RescalePartitioner in this case should be connect just two upstream subtasks 
with one downstream sink. Upstream subtasks N and N+1 should be connected to 
sink with N/2 id.

> On 25 May 2020, at 04:39, Weihua Hu <huweihua....@gmail.com> wrote:
> 
> Hi, Zhijiang
> 
> I understand the normal credit-based backpressure mechanism. as usual the 
> Sink inPoolUsage will be full, and the task stack will also have some 
> information. 
> but this time is not the same. The Sink inPoolUsage is 0. 
> I also checked the stack. The Map is waiting 
> org.apache.flink.runtime.io.network.buffer.LocalBufferPool.requestMemorySegment
> The Sink is waiting data to deal, this is not very in line with expectations.
> 
> 
> <粘贴的图形-2.tiff>
> 
> <粘贴的图形-1.tiff>
> 
> 
> 
> Best
> Weihua Hu
> 
>> 2020年5月24日 21:57,Zhijiang <wangzhijiang...@aliyun.com 
>> <mailto:wangzhijiang...@aliyun.com>> 写道:
>> 
>> Hi Weihua,
>> 
>> From your below info, it is with the expectation in credit-based flow 
>> control. 
>> 
>> I guess one of the sink parallelism causes the backpressure, so you will see 
>> that there are no available credits on Sink side and
>> the outPoolUsage of Map is almost 100%. It really reflects the credit-based 
>> states in the case of backpressure.
>> 
>> If you want to analyze the root cause of backpressure, you can trace the 
>> task stack of respective Sink parallelism to find which operation costs much,
>> then you can increase the parallelism or improve the UDF(if have bottleneck) 
>> to have a try.

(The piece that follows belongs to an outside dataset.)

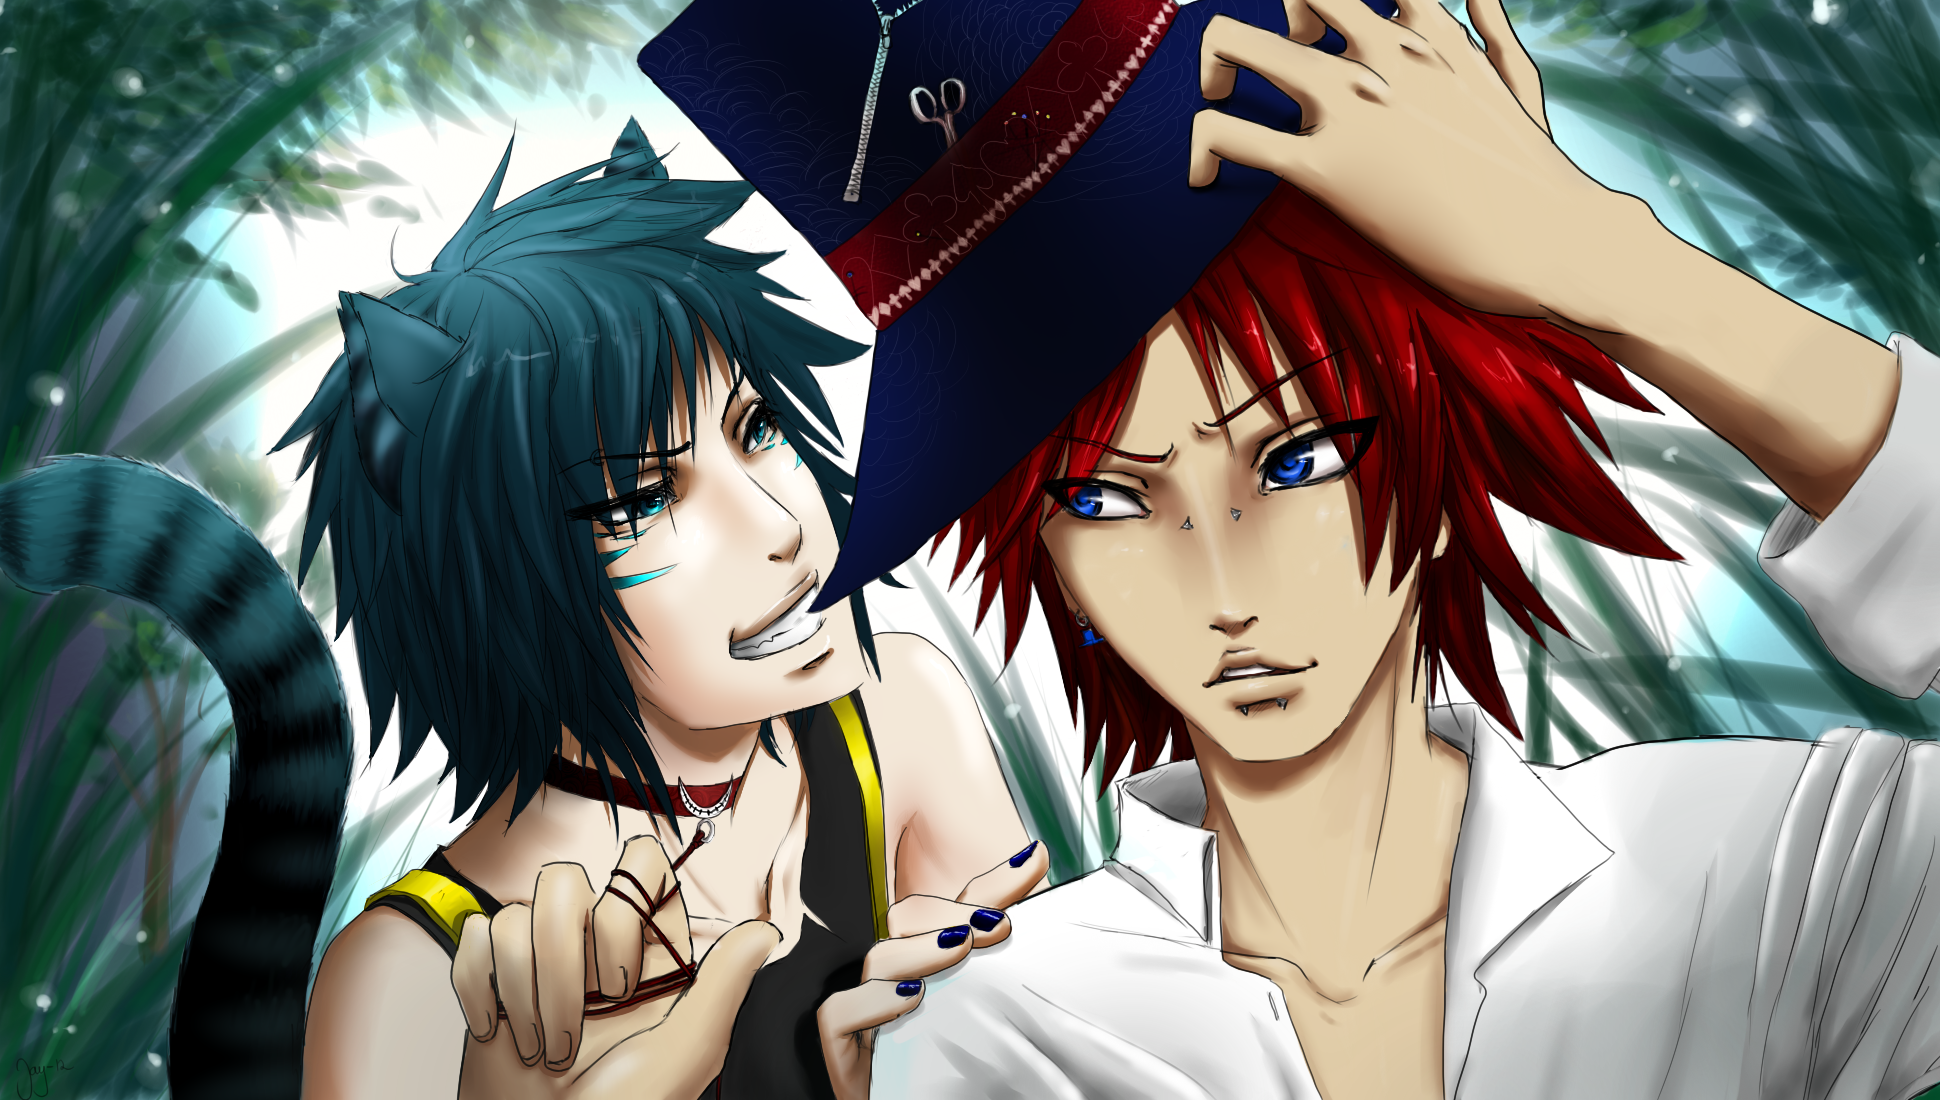 mad_hatter_and_the_grinning_cheshire_cat_by_jayyaj95-d4w08k3.png

In addition, i am not sure why you choose rescale to shuffle 
>> data among operators. The default
>> forward mode can gain really good performance by default if you adjusting 
>> the same parallelism among them.
>> 
>> Best,
>> Zhijiang
>> ------------------------------------------------------------------
>> From:Weihua Hu <huweihua....@gmail.com <mailto:huweihua....@gmail.com>>
>> Send Time:2020年5月24日(星期日) 18:32
>> To:user <user@flink.apache.org <mailto:user@flink.apache.org>>
>> Subject:Singal task backpressure problem with Credit-based Flow Control
>> 
>> Hi, all
>> 
>> I ran into a weird single Task BackPressure problem.
>> 
>> JobInfo:
>>     DAG: Source (1000)-> Map (2000)-> Sink (1000), which is linked via 
>> rescale. 
>>     Flink version: 1.9.0
>>     
>> There is no related info in jobmanager/taskamanger log.
>> 
>> Through Metrics, I see that Map (242) 's outPoolUsage is full, but its 
>> downstream Sink (121)' s inPoolUsage is 0.
>> 
>> After dumping the memory and analyzing it, I found:
>> Sink (121)'s RemoteInputChannel.unannouncedCredit = 0,
>> Map (242)'s CreditBasedSequenceNumberingViewReader.numCreditsAvailable = 0.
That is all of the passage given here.